I caught one muskie that went about 15 inches - at the anderson ferry, near cincinnati, on a white jig/grub.


----------



## Stripers4Life (May 2, 2007)

hummm..............................!#!!!!!!


----------



## rdhoppy (May 3, 2009)

gee thanks for the great info phish. don't give out all your secrets


----------



## riverKing (Jan 26, 2007)

I have hooked several (skis) and lost them all, two one big swimbaits and one on a blade. creek mouths with ski populations and if there are marinas near them will all have fish, below certain dams I hear they turn up fairly often, atleast when you shock them.
BTW, just because they are there, does not mean they are targetable, if you want to actaully fish for any esox, you need to go inland. an example of how rare they are, in 6 months of electroshocking that river between two boats two where shocked, on in a trib and one in pittsburg, both juvi's, goodluck catching them.


----------



## ChrisB (May 13, 2004)

Hey riverking, how many watts where you guys putting out? A lot of times when we were shocking deep lakes and the Hocking river we had problems getting larger fish near the bottom. We knew they where there, and got them with seins, but they were not in shock like the smaller fish.


----------



## Salmonid (Apr 14, 2004)

I got a small musky a few weeks back in a cast net near Schmidt Ramp ( Cinci) I might add that pike and muskies because of there long shape, are very hard to shock up, they tend to sense the electric field and scoot out of range before the paralysis sets in. This is why nets are used for muskies when capturing at inland lakes.

Salmonid


----------



## riverKing (Jan 26, 2007)

we ran 8 amps I think, its been a while
no matter what you run big fish deeper than about 5ft will be a problem, if they are moving at all they can get totally hit and just slide through the field, and like mark said, esox dont shock very well, in fact those are the only ones I have seen shocked personally
this is the reason that even though shocking is alot of fun, I feel that siening when feasable, is the most effective way to find out whats really there


----------



## eyecatcher929 (Dec 3, 2009)

maybe i dont know, but since when is shocking or seining or castnetting gamefish legal in the state of ohio unless ur a part of research for the game commision? Just curious cause i have never heard of that.


----------



## Salmonid (Apr 14, 2004)

When I was castnetting, I was targeting shad and caught the small muskie by accident, as I often catch crappies, bluegills, bass and other gamefish, they are always released per state law.

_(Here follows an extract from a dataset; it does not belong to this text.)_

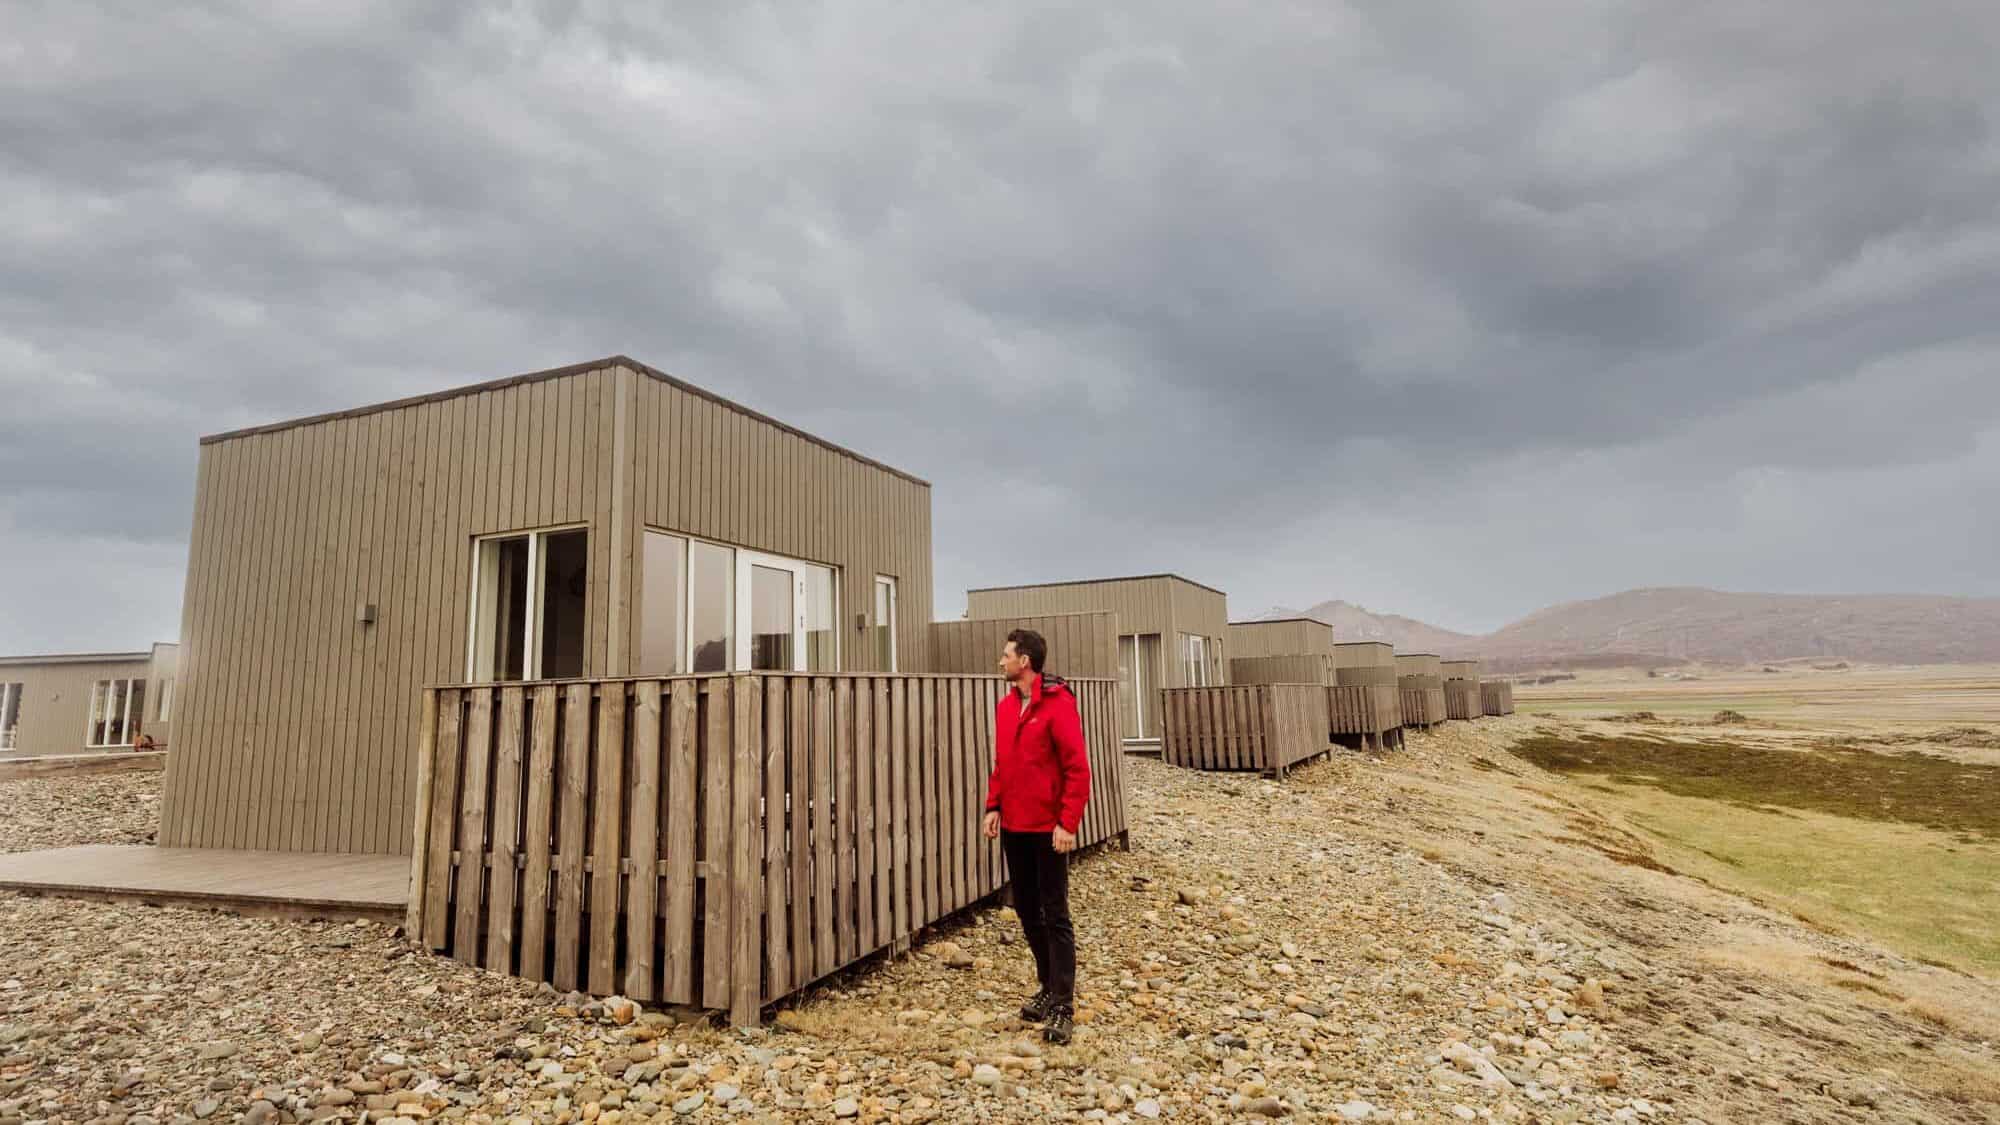 One of the coolest hotels in iceland: cabins

I also have helped electroshock with KYDNR, ODNR, Ohio EPA, Federal EPA,USGS, 5 Rivers metro Parks and some private companies that have permits to shock on private watersheds for studies. Yopu are correct, you Must have a permit or be with a "official" group to be able to Electroshock . Good point and i know the others on this discussion have worked with some professional groups as well, I was always a vollunteer. 

Salmonid


----------



## bbrowwn7 (Nov 26, 2009)

caught 2 muskie a couple weeks ago, at tygarts creek below the greenup dam, both was 28 inhes, one on spinnerbait one on crankbait


----------